A poem for Good Friday

At my church service this morning, we had various different ‘stations’ through which to worship, pray, or reflect. There was a communion table, a short film, a cross to which we could pin pieces of paper, and there was a poem/story table. In advance, I was one of the people asked to write something to go on the wall – basically any perspective on the Passion. I chose to write something from the perspective of a man who’d been in the crowd on Palm Sunday and at the Crucifixion – and I thought I’d share it here too.

I am an ordinary man,
And more I would not want to be.
The streets throughout Jerusalem
Are filled with people just like me.


On Sunday I joined with the rest,
And laid my branches on the ground,
And saw him – and was unimpressed;
This man who passed without a sound.


No chariot? No royal throne?
No golden cloak or signs of wealth?
He rode a donkey like my own –
The twin of that I ride myself.


A short time later, tables turned,
Almost (it felt) in the same breath,
This so-called king (I quickly learned)
Was praised no more, but sent to death.


Again, I settled with the crowd;
A spectacle to pass the time.
Again, I shouted, just as loud.
The punishment must fit the crime.


But what, I wondered, had he done?
Why didn’t he put up a fight?
He told the priest he was the Son.
It struck me: what if he were right?


What kind of god, what kind of king,
Is strung up for a killer’s fate?
But still, in spite of everything,
I sensed him giving love to hate.


I watched, in awe, as night grew nigh,
And waited, and grew more perplexed.
“It is finished!” I heard him cry –
And yet he died! What next? What next?

7 thoughts on “A poem for Good Friday

  • March 25, 2016 at 2:09 pm

    Thank you for sharing your poem. It’s very good and asks excellent questions. It really puts us right there at the events of Passion week.

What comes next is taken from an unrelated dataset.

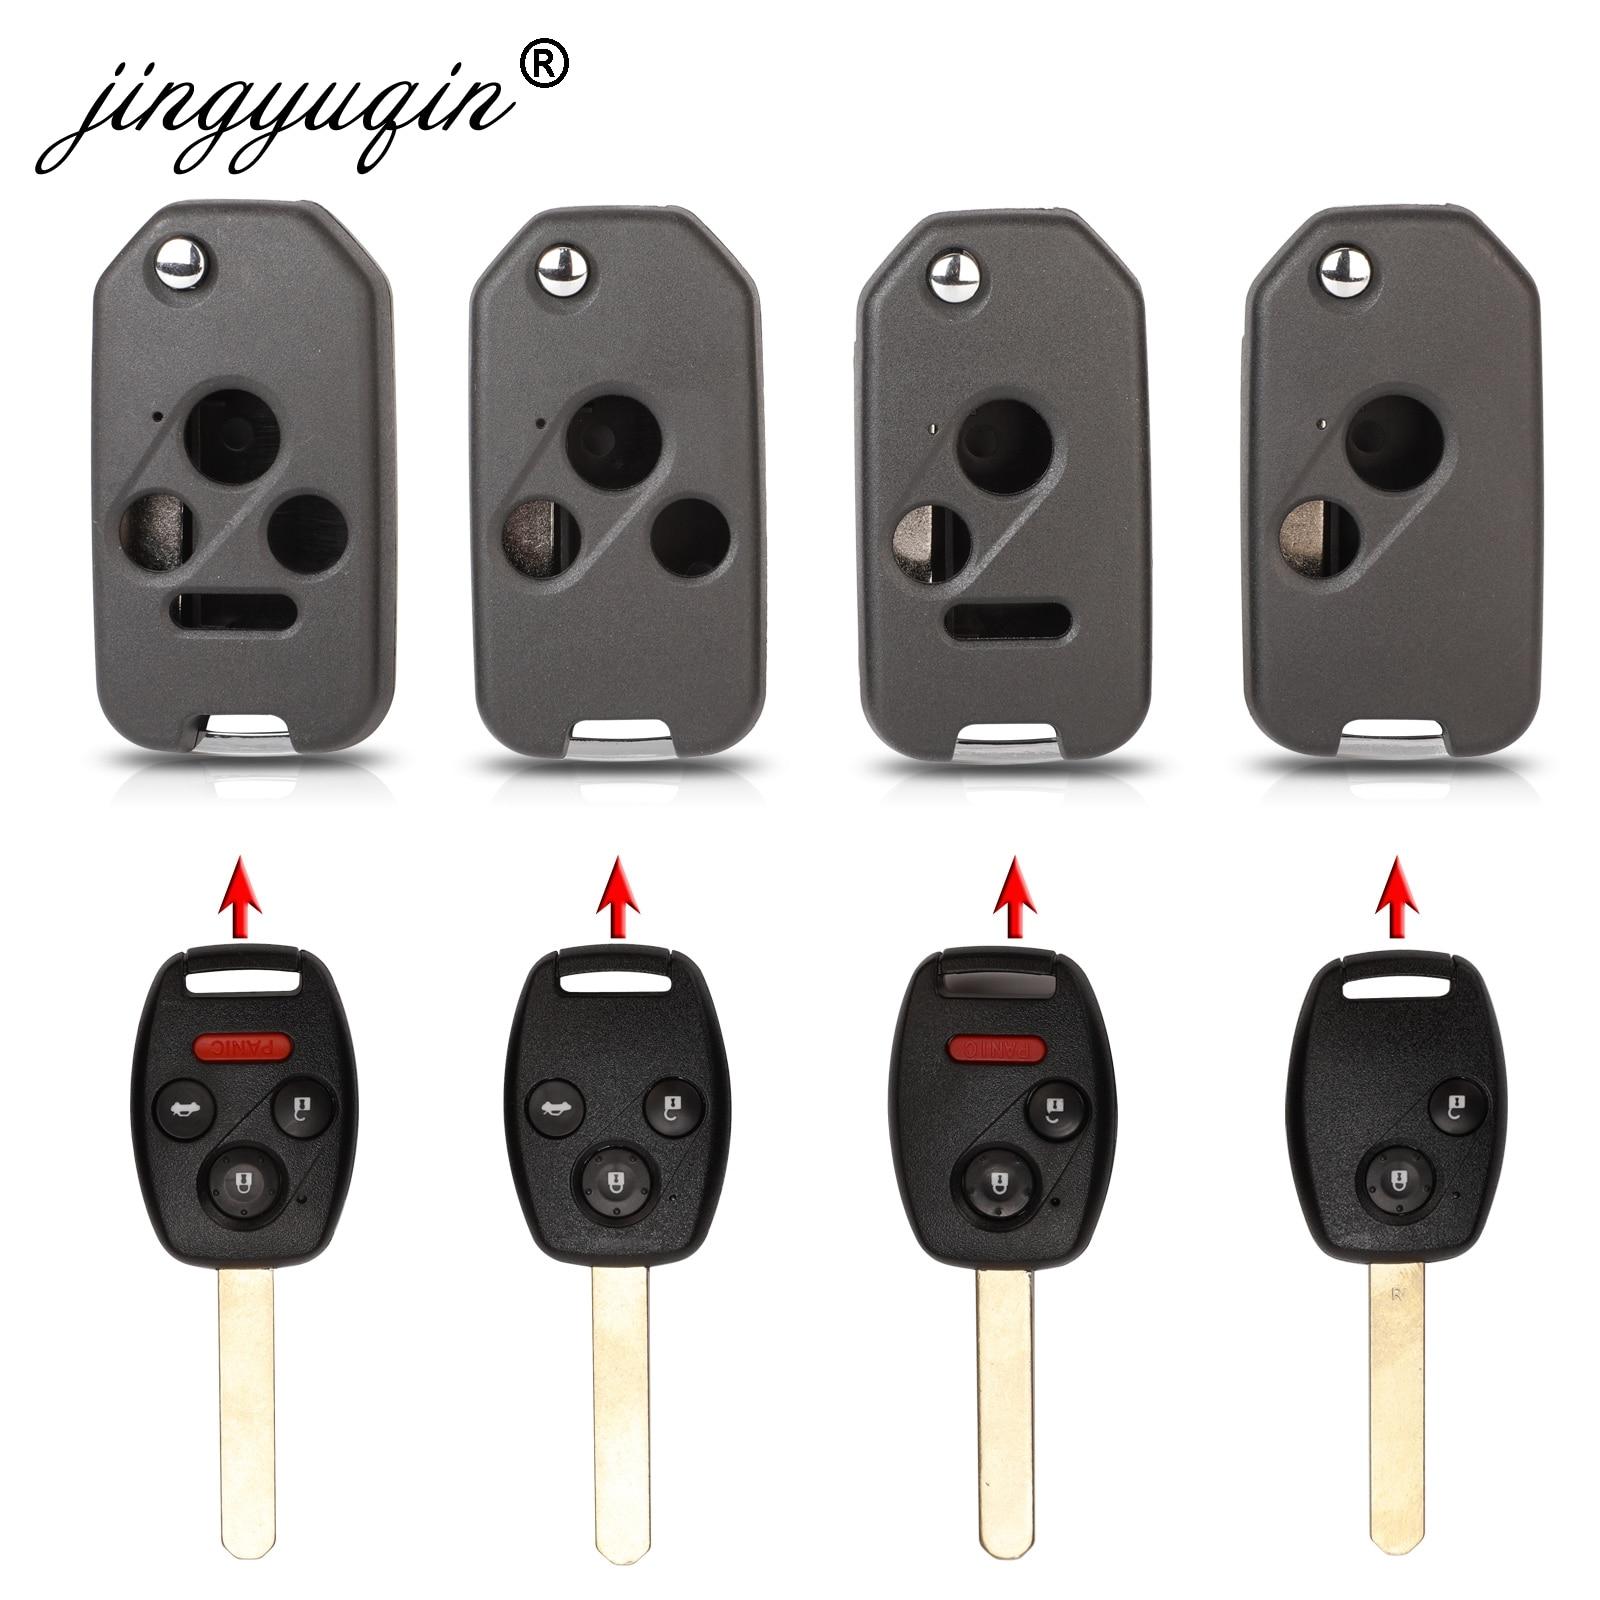 3 button Flip Remote Key Fob Shell  For Honda Jazz Civic Accord CRV FRV HRV

    I am fascinated to hear of the different experiences offered in the stations during worship. What were people asked to pin to the cross? Did the film have audio (sound) and if so, could it be heard at other stations? How did the poem/story table work – was this for people to read poems and stories that were already written and provided for them, or did the worshipers have the opportunity to write their own?

    • March 26, 2016 at 6:15 pm

      Thank you very much CHM! And thanks for your other questions – I shall take them one at a time :)
      -people pinned things they either wanted to leave at the cross (i.e. things they wanted to get rid of), or ways they wanted to change, or both
      -the short film was sort of a metaphor for the Passion with a father and his son working on trains (somehow it worked!) which had subtitles and several headphones plugged in, if people wanted to listen to it. It was surrounded by canvas walls, so didn’t disturb the other stations.
      -I think the story section was a mix – 6 pieces were pinned up, but I think there was a table for writing their own responses. I didn’t go to that one, as time was short!

  • March 25, 2016 at 6:57 pm

    Very thoughtful and profound reflection. Thank you for posting it.

    • March 26, 2016 at 6:15 pm

      Thanks Trisha :)

  • March 26, 2016 at 10:01 am

    Thanks for sharing your response and something of the service. Privileged to read this.

    • March 26, 2016 at 6:16 pm

      Thanks Ana :)

  • March 27, 2016 at 1:16 am

    This is really a wonderful poem. He was part of the crowd but had his own wonderings about the truth. Would any of us have cried out in protest? It is chilling to think maybe not.